For the extraction of DNA from the late Pleistocene cave hyena petrous bones, we ground approximately 50 mg of bone from samples Ccsp040, Ccsp041, Ccsp042, and Ccsp043 to powder using a mortar and pestle and extracted DNA following the protocol described in Dabney et al. (33). We ground approximately 50 mg from each tooth sample from samples Ccsp014, Ccsp015, and Ccsp026, which we then pretreated with 1 ml of 0.5% bleach for 15 min at room temperature before DNA extraction in an attempt to increase endogenous DNA content (34). After pretreatment, the extraction method followed that described in Dabney et al. We built all DNA extracts into individually barcoded Illumina sequencing libraries using a method based on single-stranded DNA specifically developed for highly degraded ancient samples (35). Production and sequencing of library and extraction blanks were included to check for the presence of contamination. We sequenced all ancient libraries using 75-bp single-end reads on an Illumina NextSeq 500 sequencing platform at the University of Potsdam, Germany. Approximately 1 g of bone from individuals that had not been previously dated either contextually or directly (Ccsp026, Ccsp040, Ccsp042, and Ccsp043) was sent to the Curt-Engelhorn Centre for Archaeometry to be dated by 14C. The collagen was extracted from the bone/teeth samples, purified by ultrafiltration (fraction >30 kDa), and freeze-dried. Collagen was then combusted to CO2 in an elemental analyzer. CO2 was converted catalytically to graphite to be dated using the mini radiocarbon dating system (MICADAS)–AMS of the Klaus-Tschira-Archäometrie-Zentrum. Ages were taken from previous publications for individuals Ccsp014 and Ccsp041 (9, 36, 37).

Data processing

Modern individuals. We trimmed Illumina adapter sequences and removed reads shorter than 30 bp from the raw reads of the spotted hyena samples using Cutadapt v1.8.1 (38) and merged overlapping reads using FLASH v1.2.1 (39). We mapped the trimmed and merged data to the striped hyena assembly (32) (PEQU00000000) using Burrows-Wheeler Aligner (BWA) v0.7.15 (40) using the mem algorithm and parsed the output using SAMtools v1.3.1 (40). We removed potential PCR duplicates using SAMtools. Mapping information and statistics can be found in table S15.

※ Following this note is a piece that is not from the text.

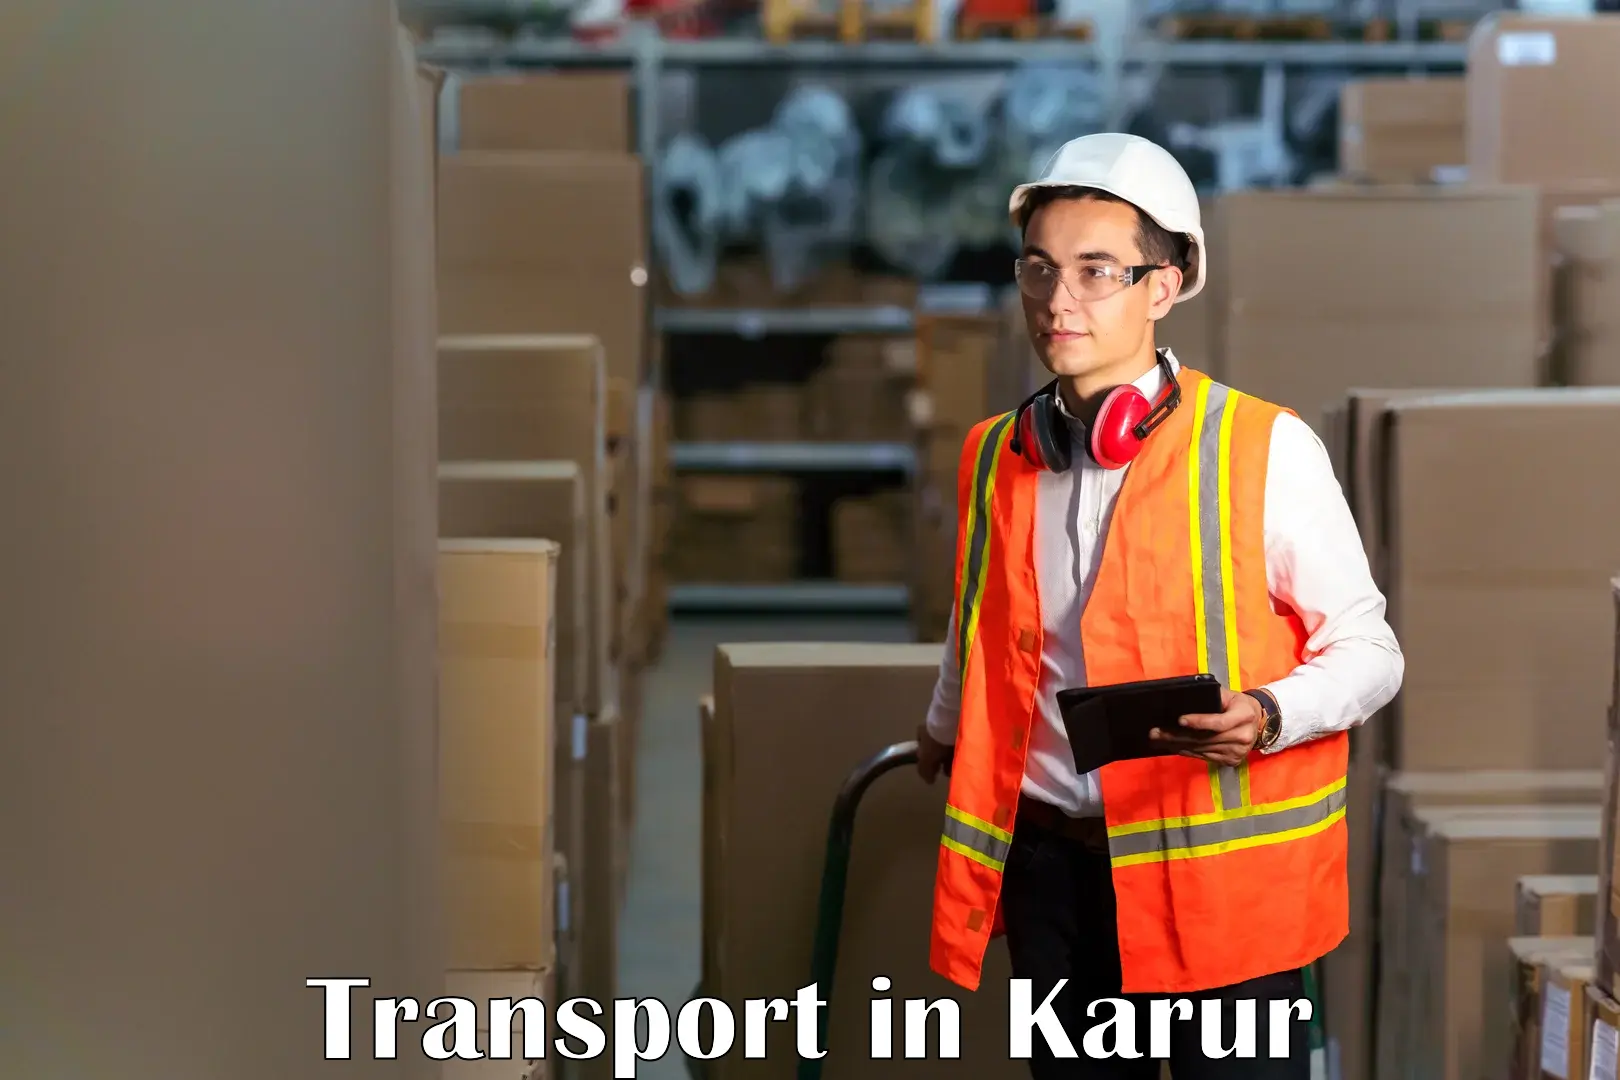 Road transport online services in Karur

Ancient individuals. We trimmed Illumina adapter sequences and removed short reads from the raw reads of the spotted hyena samples using Cutadapt v1.8.1 (38). We used a custom Perl script to determine the optimal read length cutoff for our samples. Our approach assumes that short spurious alignments contain more mismatches, and we selected, empirically for each dataset, the read length at which we see a relatively constant number of variants for the same total number of bases. Trimmed reads were mapped to the striped hyena assembly using BWA v0.7.15 (40) using the aln algorithm (-n 0.01, -l 999) and parsed using SAMtools v1.3.1 (40). We also removed potential PCR duplicates using SAMtools. Mapping information and statistics can be found in table S16. Ancient DNA authenticity was then measured using Mapdamage2.0 using default parameters (41). All samples showed significant C-to-T transitions at the ends of the reads, indicating authentic ancient DNA (fig. S6).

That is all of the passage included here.